Personal information
- Full name: Jacob Adicoff
- Born: May 16, 1995 (age 31) San Jose, California, U.S.
- Home town: Sun Valley, Idaho, U.S.
- Height: 5 ft 9 in (175 cm)

Sport
- Country: United States
- Sport: Para Nordic skiing (Para cross-country skiing and Para biathlon)
- Disability: Visually impaired
- Disability class: NS3
- Partner: Sawyer Kesselheim (guide)

Medal record
Men's Para cross-country skiing
Representing United States
Paralympics Games
| Gold medal – first place | 2022 Beijing | 4 × 2.5 km mixed relay |
| Gold medal – first place | 2026 Milan Cortina | Sprint visually impaired |
| Gold medal – first place | 2026 Milan Cortina | 10 km classical visually impaired |
| Gold medal – first place | 2026 Milan Cortina | 20 km freestyle visually impaired |
| Gold medal – first place | 2026 Milan Cortina | 4 × 2.5 km mixed relay |
| Silver medal – second place | 2018 Pyeongchang | 10km classical visually impaired |
| Silver medal – second place | 2022 Beijing | 20km classical visually impaired |
| Silver medal – second place | 2022 Beijing | 1.5km sprint visually impaired |

= Jake Adicoff =

American Para cross-country skier and biathlete (born 1995)

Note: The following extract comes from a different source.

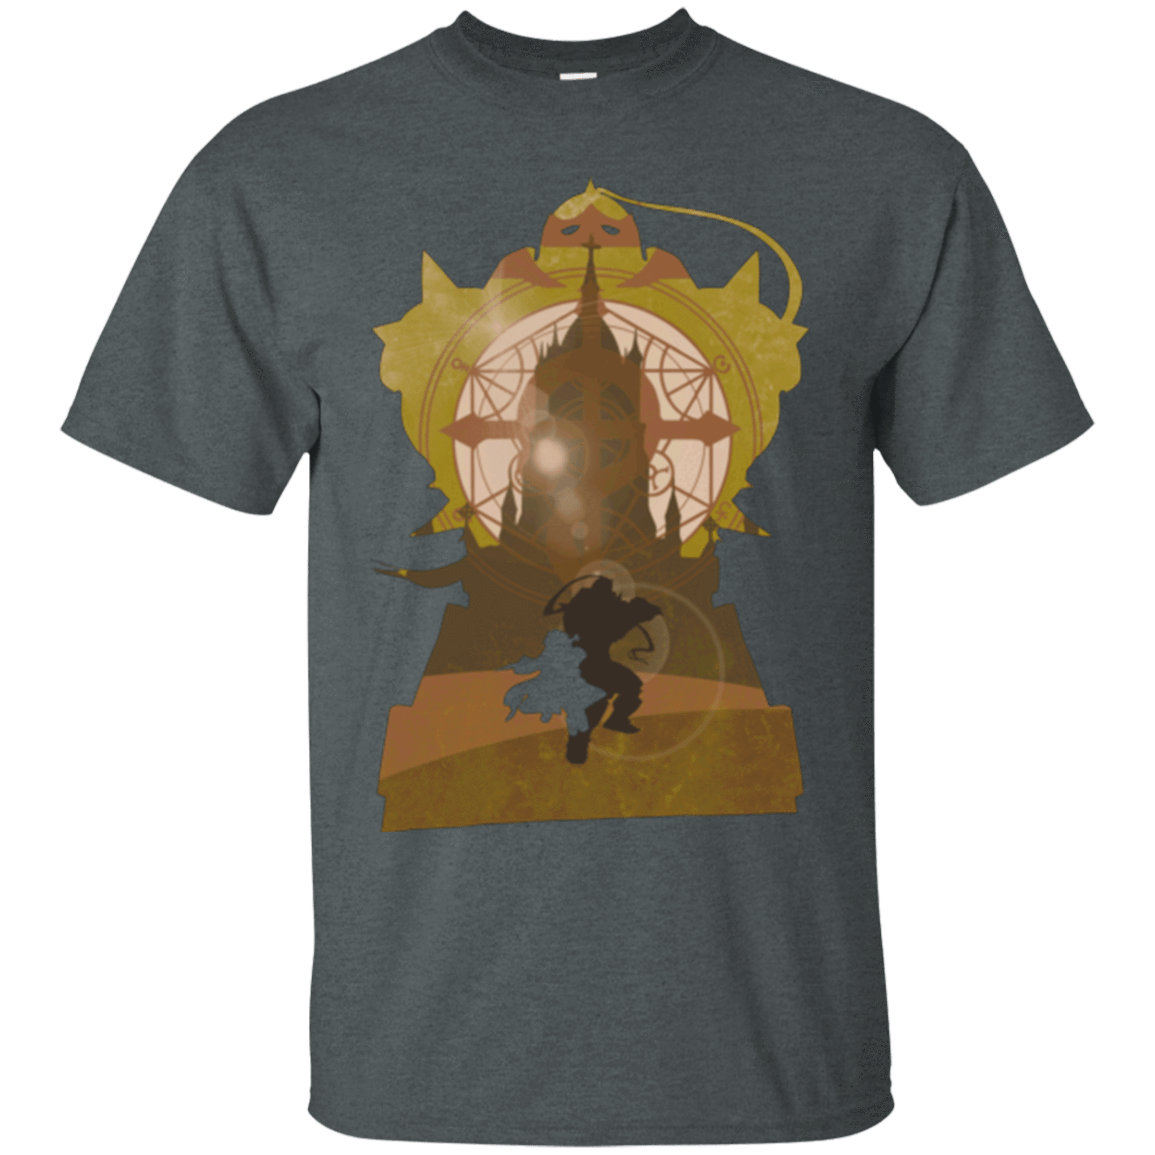 T-Shirts Dark Heather / Small Alchemy Fate T-Shirt

Jacob Adicoff (born May 16, 1995) is an American visually impaired Para cross-country skier and biathlete. He competed at the Winter Paralympics in 2014, 2018, 2022 and 2026.

==Career==
Jake Adicoff claimed his first Paralympic medal after clinching a silver medal in the men's 10km visually impaired cross-country skiing event during the 2018 Winter Paralympics. Notably, he dedicated the silver medal to Mugsy, his dog.

He won the gold medal in the men's 12.5 km visually impaired cross-country skiing event at the 2021 World Para Snow Sports Championships held in Lillehammer, Norway. He also won the bronze medal in the men's long-distance visually impaired cross-country skiing event.

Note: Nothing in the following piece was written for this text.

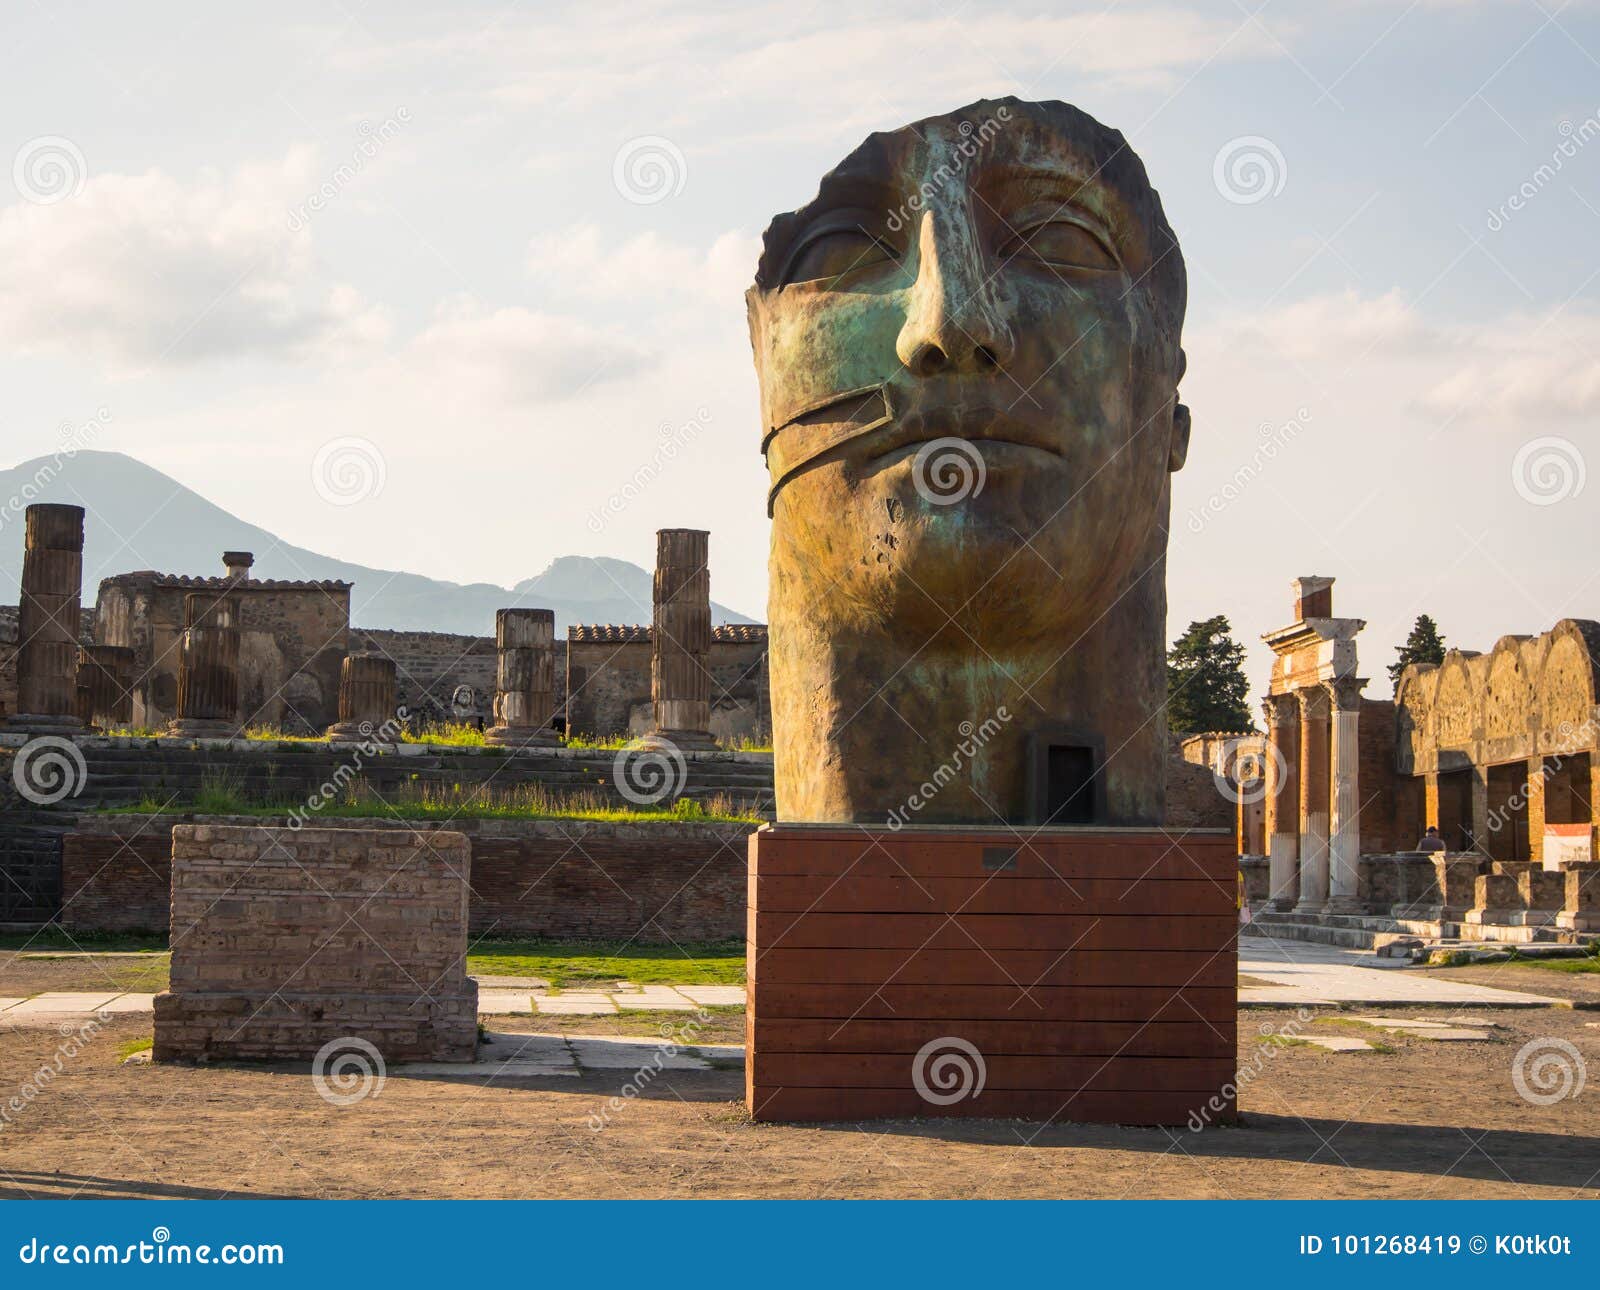 Igor Mitoraj Sculptures In Pompei Ruins Editorial Stock Image Image Of Igor Architecture

In 2026, he won the 1.5km sprint at the Para Cross Country Skiing Sprint Vision Impaired Final of the 2026 Winter Paralympics, becoming the first openly gay male athlete to win a gold medal as an individual at any Winter Paralympics.

==Personal life==
Adicoff is openly gay and has been involved with the LGBTQ athlete advocacy organization Out Athlete Fund.